Hydromyelia and Syringomyelia
Hydromyelia and syringomyelia refer to similar conditions that involve an abnormal collection of fluid within the spinal cord. As CSF builds up, it puts pressure on the spinal cord and can damage nerve cells and their connections, leading to symptoms.
In hydromyelia (also known as syringohydromyelia), the cavity that forms is connected to the fourth ventricle (normal fluid space in the brain); and this condition is almost always associated with infants and children who have hydrocephalus or certain other types of brain-related birth defects. Syringomyelia (also known as syrinx), on the other hand, features a cavity that does not communicate with any other fluid spaces, and occurs primarily in adults who have experienced spinal cord trauma.
The symptoms of hydromyelia or syringomyelia generally occur over time, and include weakness of the extremities, pain or a heavy sensation in the neck, headaches, loss of sensation in the hands and feet, walking difficulty, problems with bladder control, stiffness in the legs, and visual disturbances.
These conditions are diagnosed through clinical neurological evaluation and by using spinal cord imaging techniques such as magnetic resonance imaging (MRI) to visualize the fluid within the spinal cord. A physician selects the appropriate diagnostic tool based on the patient's age, clinical presentation, and the presence of known or suspected abnormalities of the brain or spinal cord.

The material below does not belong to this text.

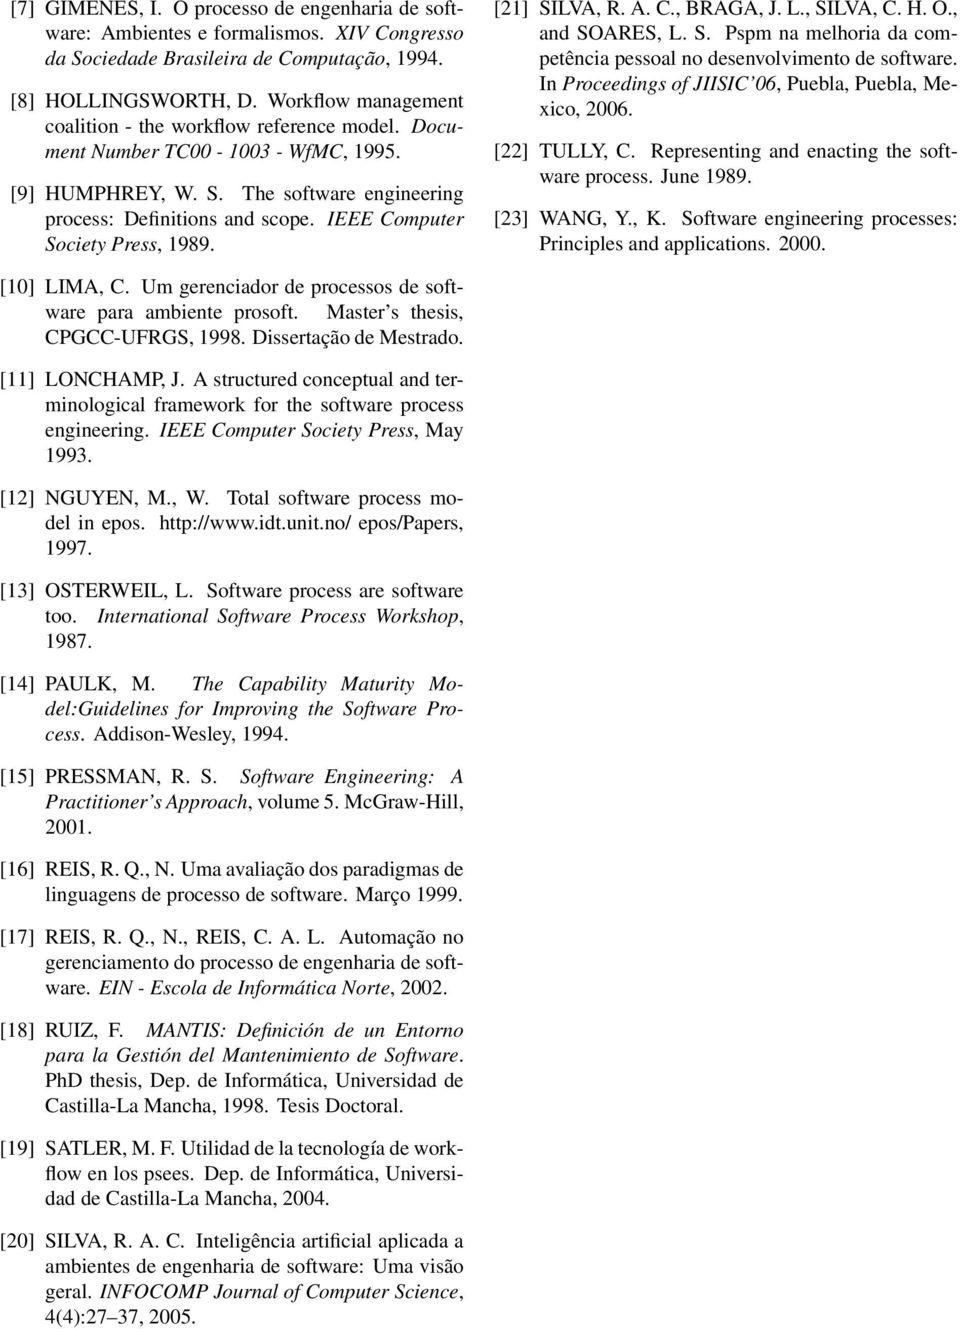 IEEE Computer Society Press, 1989. [21] SILVA, R. A. C., BRAGA, J. L., SILVA, C. H. O., and SOARES, L. S. Pspm na melhoria da competência pessoal no desenvolvimento de software.

Surgery is the primary method of treatment for hydromyelia and syringomyelia, and it is generally reserved for those individuals who have significant neurological problems. A variety of procedures for repair of these conditions exist whose goal is to restore normal flow of cerebral spinal fluid. These procedures include needle removal of the fluid within the cavity, placement of a shunt to divert the flow of CSF away from the cavity, or repair of the underlying source of abnormal CSF flow. The decision to operate is generally based on the severity of symptoms and the findings on MRI or other imaging studies. Patients are followed closely after surgery for signs of further neurological impairment. It is possible for some patients to require more than one surgery.